Key words: Litopenaeus vannamei    Family    Temperature    Energy budget    

凡纳滨对虾(Litopenaeus vannamei)具有生长快、抗逆力强、适合高密度养殖等特点,是对虾养殖的主要品种(樊云鹏等, 2021)。2020年我国凡纳滨对虾海水养殖产量达119.7万t,位居养殖甲壳类首位,为渔民创收及水产品出口创汇做出重要贡献(农业农村部渔业渔政管理局等, 2021)。水温是影响对虾生长、发育及代谢强度的重要环境因子之一。对虾为变温动物,其体温随着环境温度的变化而变化,而不同环境温度会影响机体的新陈代谢和生理调节机制(徐德峰等, 2019)。

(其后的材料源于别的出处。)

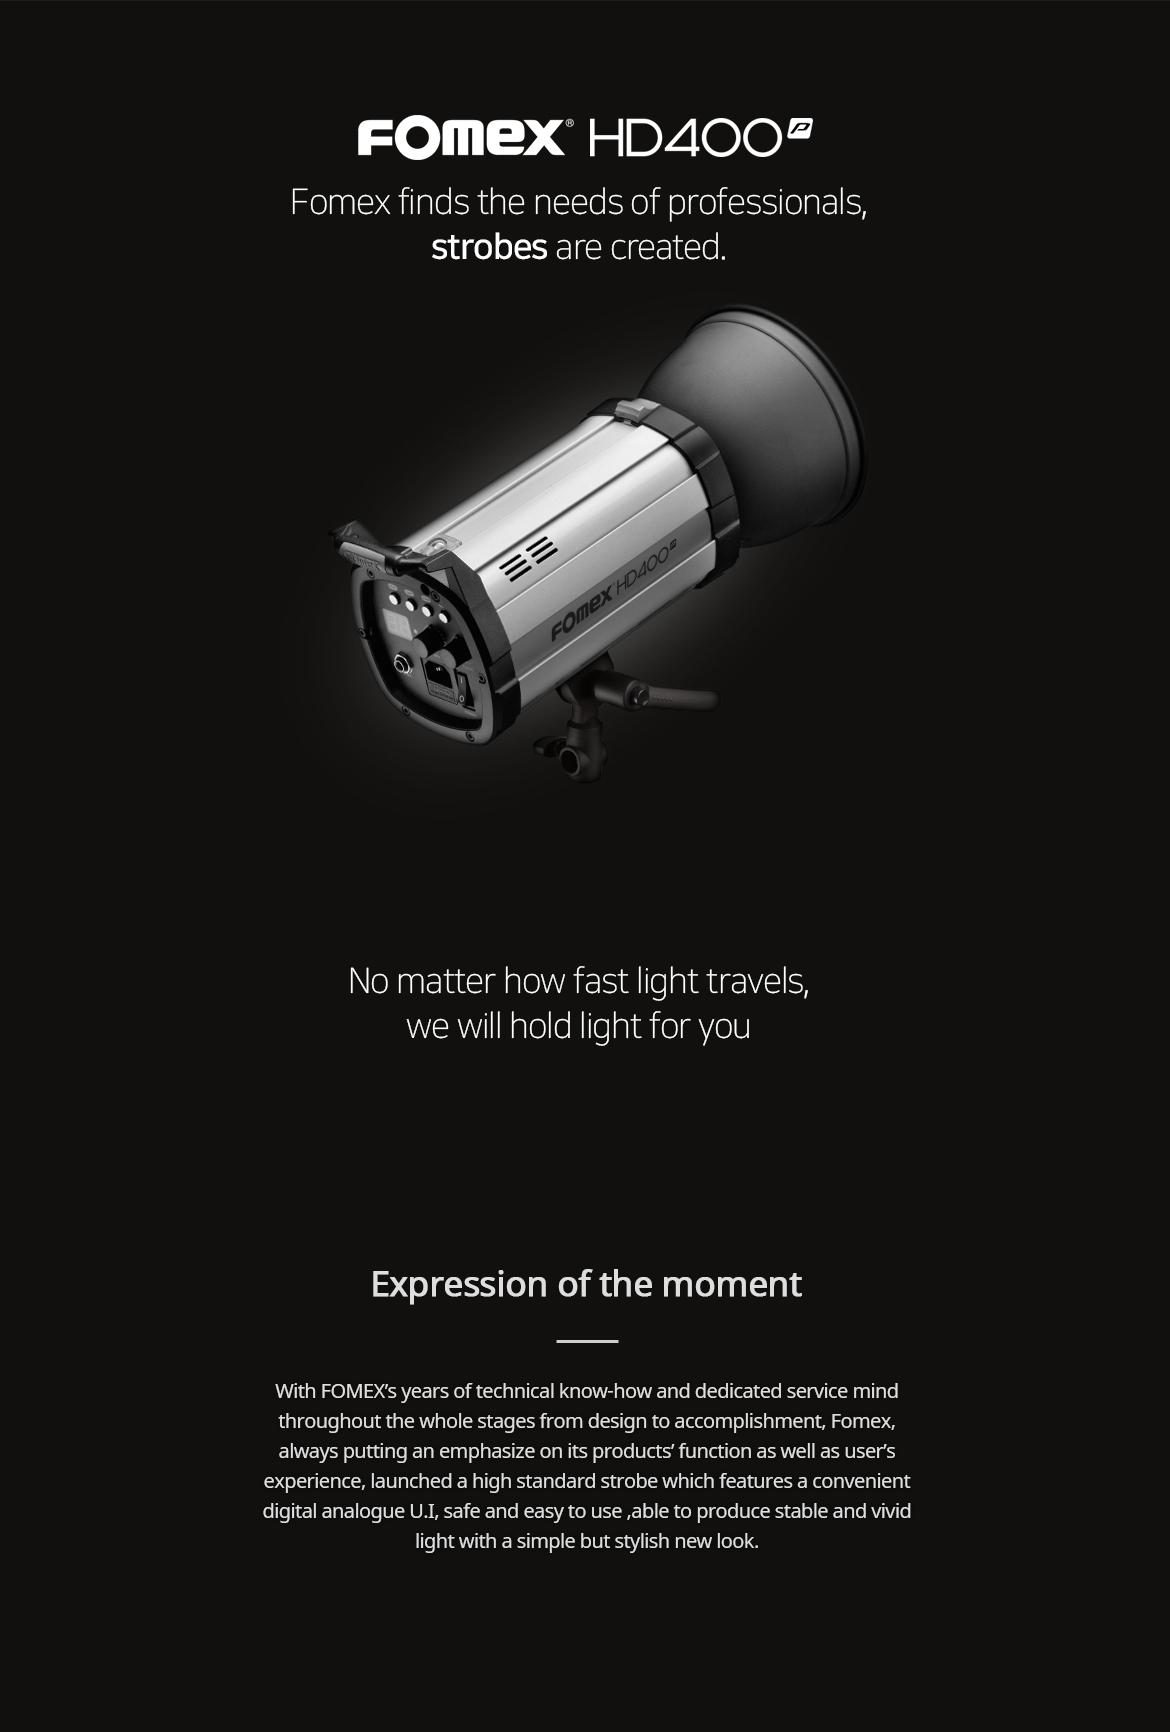 فلاش استودیویی 400 ژول فومکس  (Fomex Dprop Studio Flash 400ws (HD400p

选择育种是提高水产动物经济效益的重要手段,通过建立家系并进行分析和比较,能更好地改善凡纳滨对虾的遗传性状(罗坤等, 2018)。近年来,凡纳滨对虾的选育研究工作主要聚焦于生长、抗病性和抗逆性三大性状。其中,生长速度快的良种将有助于提高养殖产量、降低养殖成本,为养殖企业带来更高的经济效益。而凡纳滨对虾的摄食、代谢及能量收支是反映其生长特性的重要指标。另外,水温是影响生物生理活动的关键因子,同时也对重要经济水产动物(如凡纳滨对虾等)的能量收支产生重要影响(Zanna et al, 2019; Jescovitch et al, 2017; 唐扬等, 2018)。因此,深入了解温度等理化环境因子对不同家系的凡纳滨对虾生长发育及能量收支的影响,从生理生态学角度助力凡纳滨对虾选育研发,厘清不同温度条件下凡纳滨对虾的能量分配模式,对凡纳滨对虾的选育工作具有重要意义。目前,关于不同家系的凡纳滨对虾生长的能量学基础及其温度的影响未见报道。因此,本研究通过建立不同家系的能量分配模型,了解温度对凡纳滨对虾能量收支和分配的影响,从生物能量学角度,为凡纳滨对虾的健康养殖和良种选育提供理论和数据支撑。

1 材料与方法 1.1 实验材料

实验所用凡纳滨对虾取自山东邦普种业科技有限公司。从“快大系”中挑选出的生长快(N310004)、中(N310011)、慢(N310010) 3个家系,其体长分别为(1.56±0.22)、(1.57±0.23)和(1.62±0.27) cm,其体重分别为(0.18±0.04)、(0.16±0.07)和(0.15±0.03) g。

1.2 实验方法 1.2.1 凡纳滨对虾的生长实验

3个家系分别放入圆筒缸(直径为150 cm,高为200 cm),每个家系200尾。养殖温度为(30±1) ℃,盐度为30。每天06:00、12:00和18:00投喂对虾配合饲料,18:30换水(换水量为1/3)。养殖时间为40 d,每10 d分别取出20尾测定体长、湿重和干重。

1.2.2 凡纳滨对虾不同家系能量收支测定

温度设置及控制:实验温度设置为20、25、30、35 ℃ 4个水平,每个温度设置3个平行实验组和2个空白实验组,每个实验组放置1尾虾。采用加热棒调控水温,每天调控温度控制在2 ℃(宋协法等, 2009),在每个温度条件下适应3 d后开始实验。从第0天开始,第40天结束,每10 d测定一次能量收支,分别用S1 (0~10 d)、S2 (11~20 d)、S3 (21~30 d)和S4 (31~40 d)表示。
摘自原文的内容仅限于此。